Ajaccio (Ajaccio)

54 700 hab. (Ajacciens) dont 1 900 à part, 8 203 ha dont 3 200 de bois, préfecture de la Corse-du-Sud. Le nom viendrait de ad jucium, désignant un lieu où les troupeaux passent la nuit à la belle étoile, comme une jasse (même mot) dans les Pyrénées. En effet, le site est longtemps resté très agreste, et un petit habitat y a été ruiné par les Sarrasins au 10e siècle. La véritable naissance de la ville tient à la construction, à partir de 1492, d'une base fortifiée par les Gênois, depuis longtemps installés en Cismonte mais encore peu présents de l'autre côté des monts. Quelques dizaines de Gênois et de Ligures peuplèrent la bourgade, qui fut même interdite aux Corses jusqu'en 1553: les autochtones se rassemblaient alors dans le faubourg extérieur nommé Borgo, au nord de la ville. En 1554, après un accord avec Gênes, les Français engagèrent la construction de la citadelle et la ville commença à changer d'allure et de fonction, devenant une base privilégiée de la pénétration française, puis juridiquement, en 1715, l'égale de Bastia.
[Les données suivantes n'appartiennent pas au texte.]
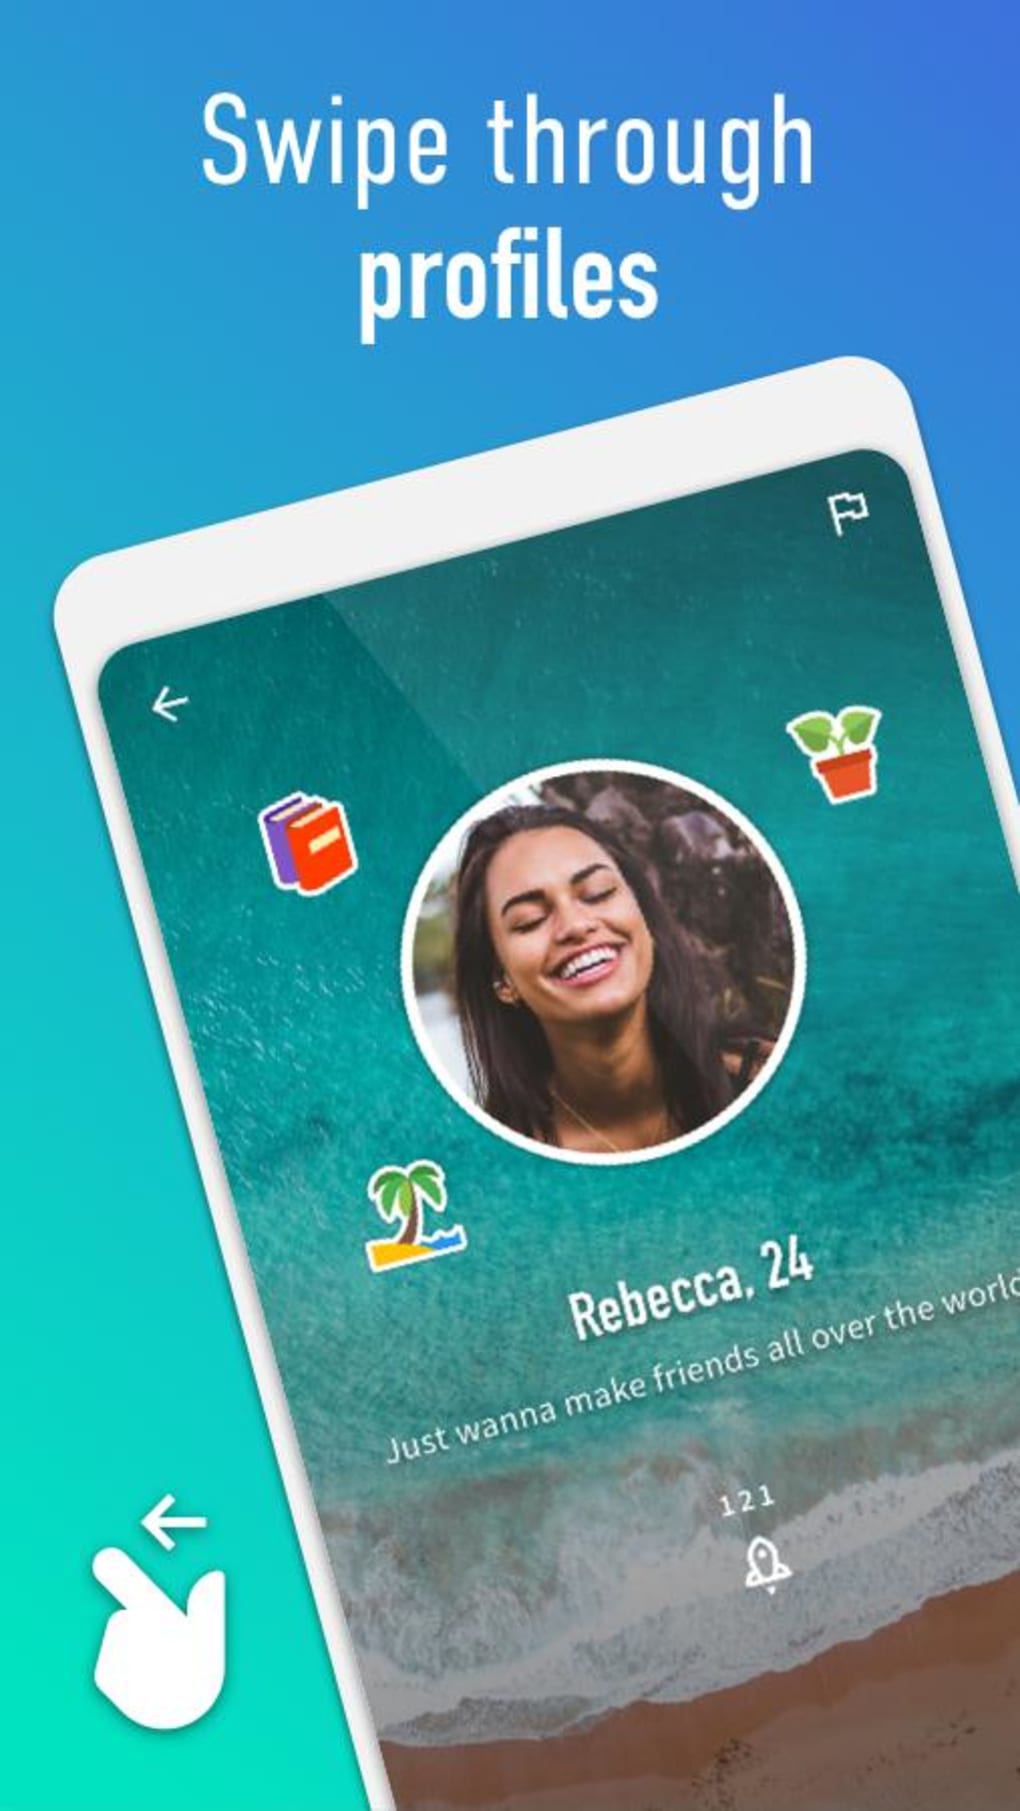 Chat with New friends through Video Chat - Live Random Video Chat app.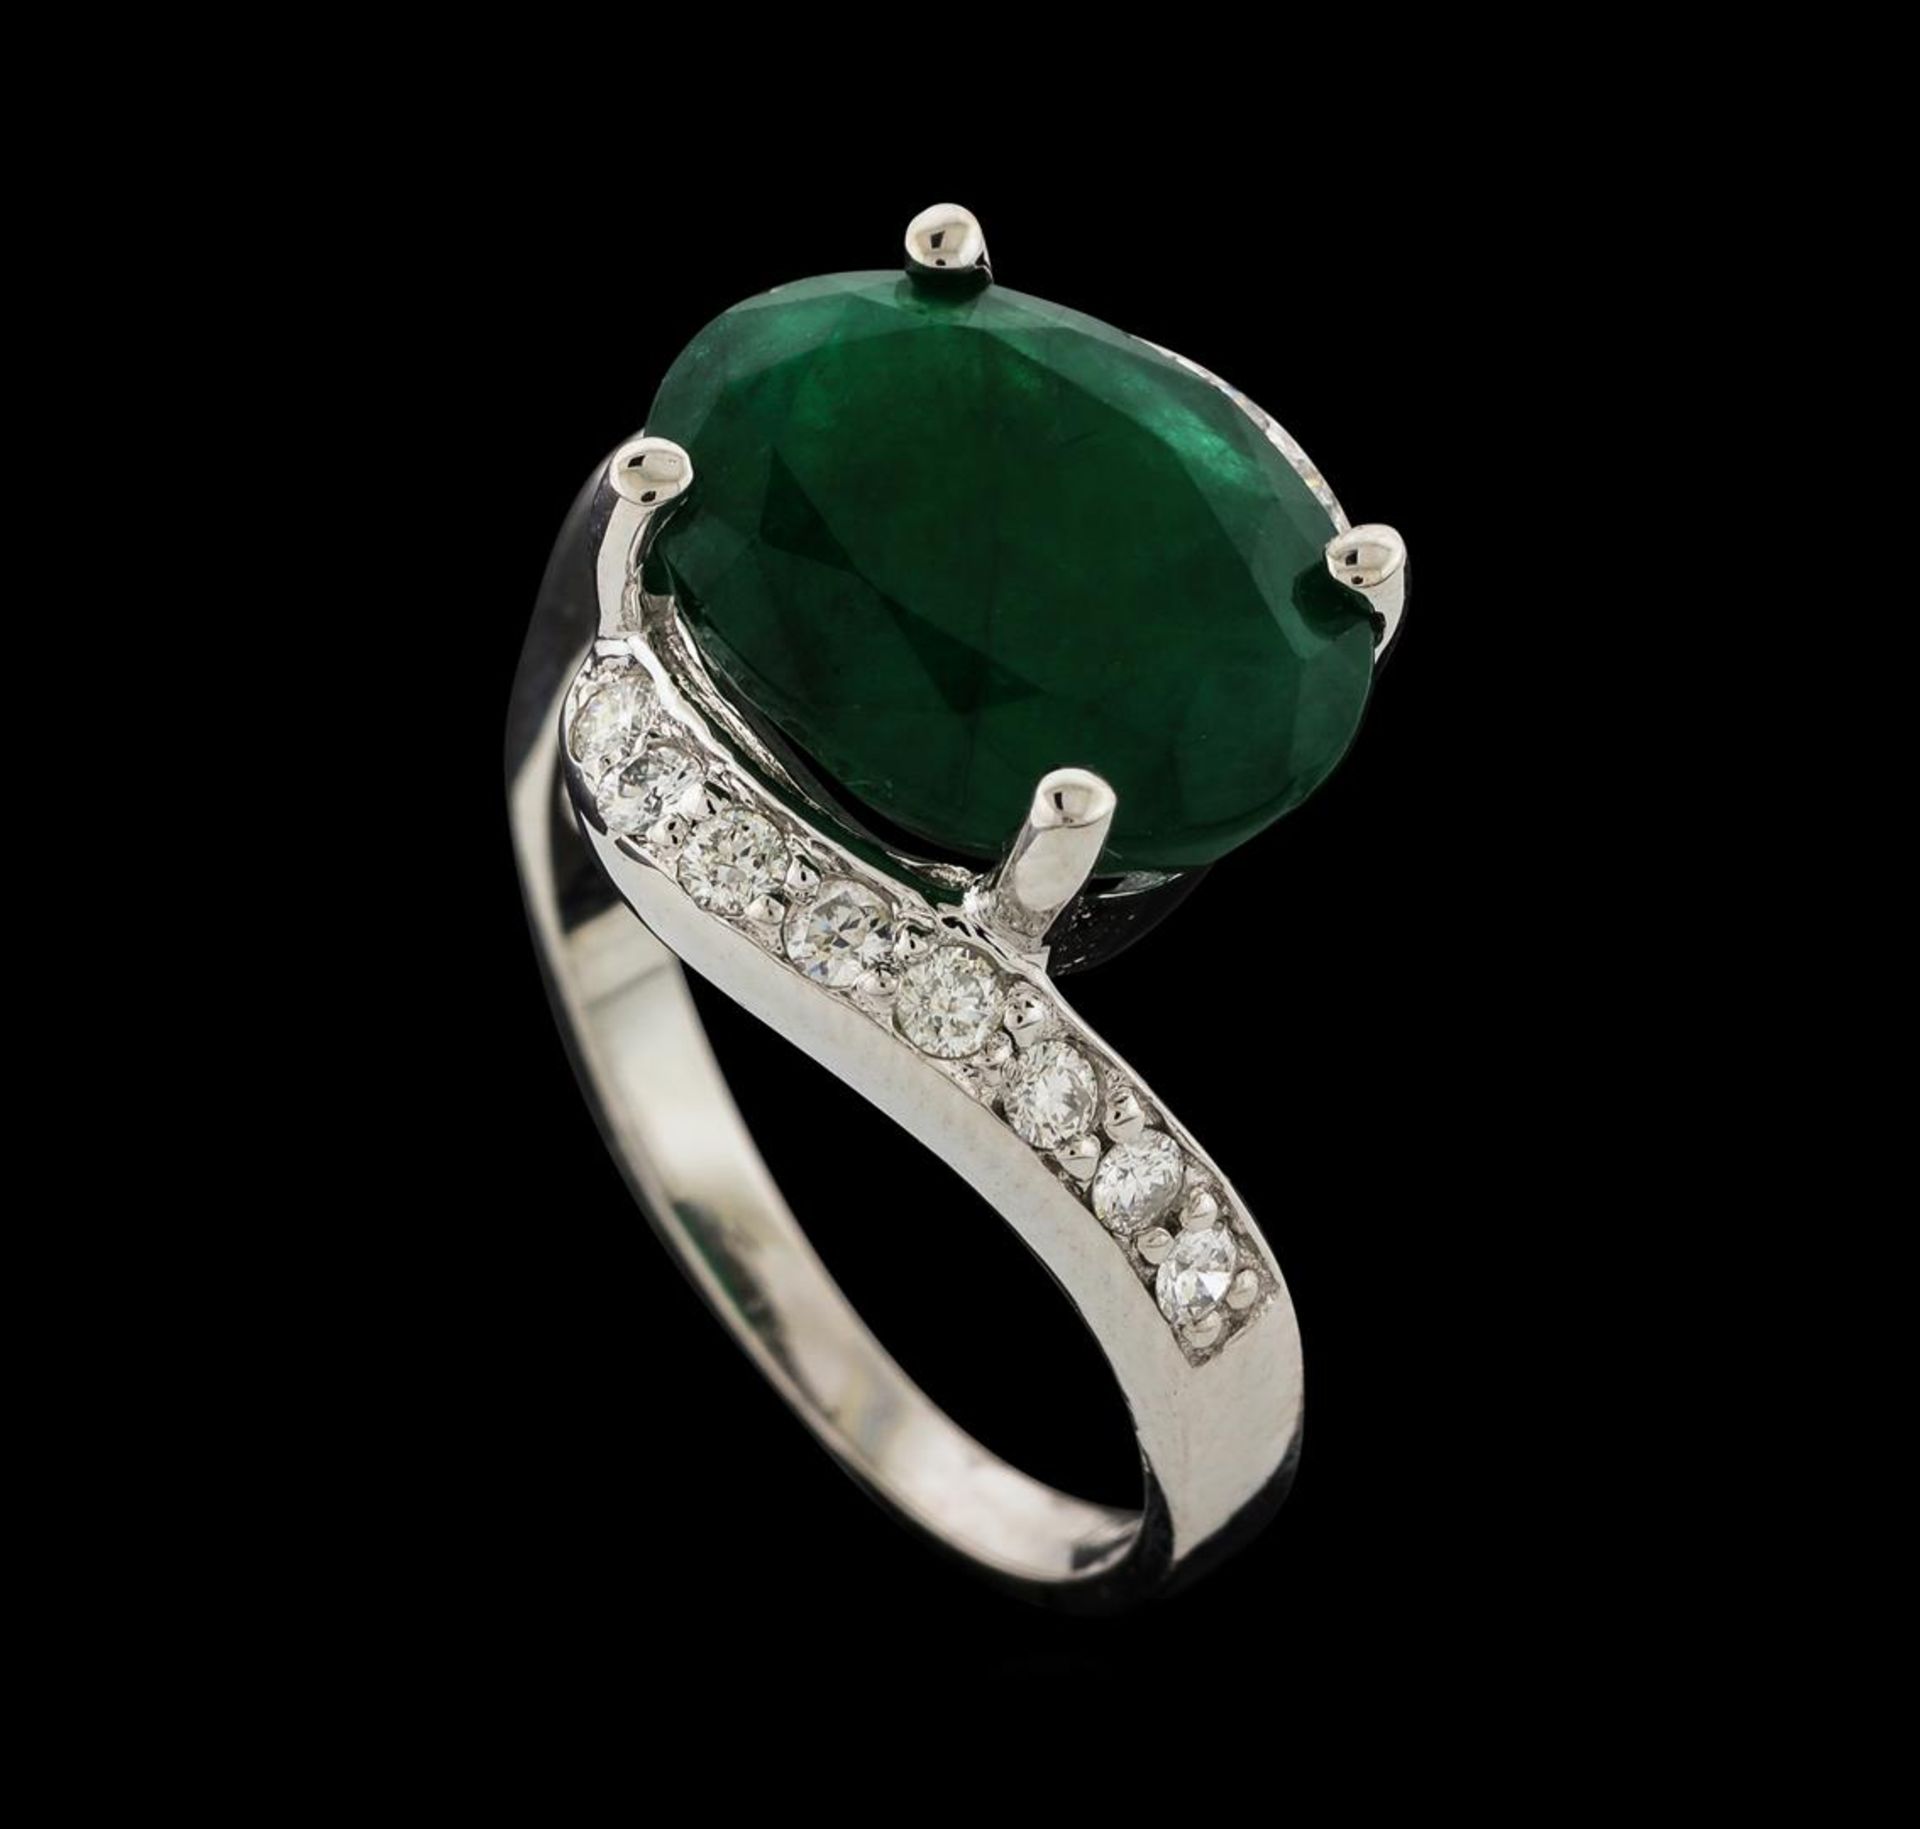 4.91 ctw Emerald and Diamond Ring - 14KT White Gold - Image 4 of 4

La ville actuelle se tient principalement sur le rivage abrité, à l'ouest de la petite baie d'Ajaccio. La citadelle en occupe la pointe méridionale. Elle domine une vieille ville aux rues étroites et aux maisons serrées autour de la cathédrale de style vénitien, à dôme, datant de la seconde moitié du 16e siècle; on y visite la Maison Bonaparte, où naquit Napoléon. La ville ancienne est flanquée à l'ouest par une vaste espalanade, jadis place du Diamant d'après le nom d'une famille locale, à présent place du général de Gaulle. Celle-ci, encadrée au nord par l'hôtel de police, à l'ouest par le lycée Fesch, au sud par le casino qui donne sur la plage Saint-François, est devenue le centre de la vie ajaccienne. Un peu au-delà vers l'ouest se tient l'immeuble de l'Assemblée de Corse (conseil régional). De cette place centrale partent les deux grands axes de la ville: le cours Grandval vers l'ouest, le cours Napoléon vers le nord. Au nord de la vieille ville, la place du maréchal Foch fait passer dans la ville moderne et administrative des 19e et 20e siècles: préfecture et conseil général, hôtel de ville et halles, jardins publics, musée Fesch et bibliothèque.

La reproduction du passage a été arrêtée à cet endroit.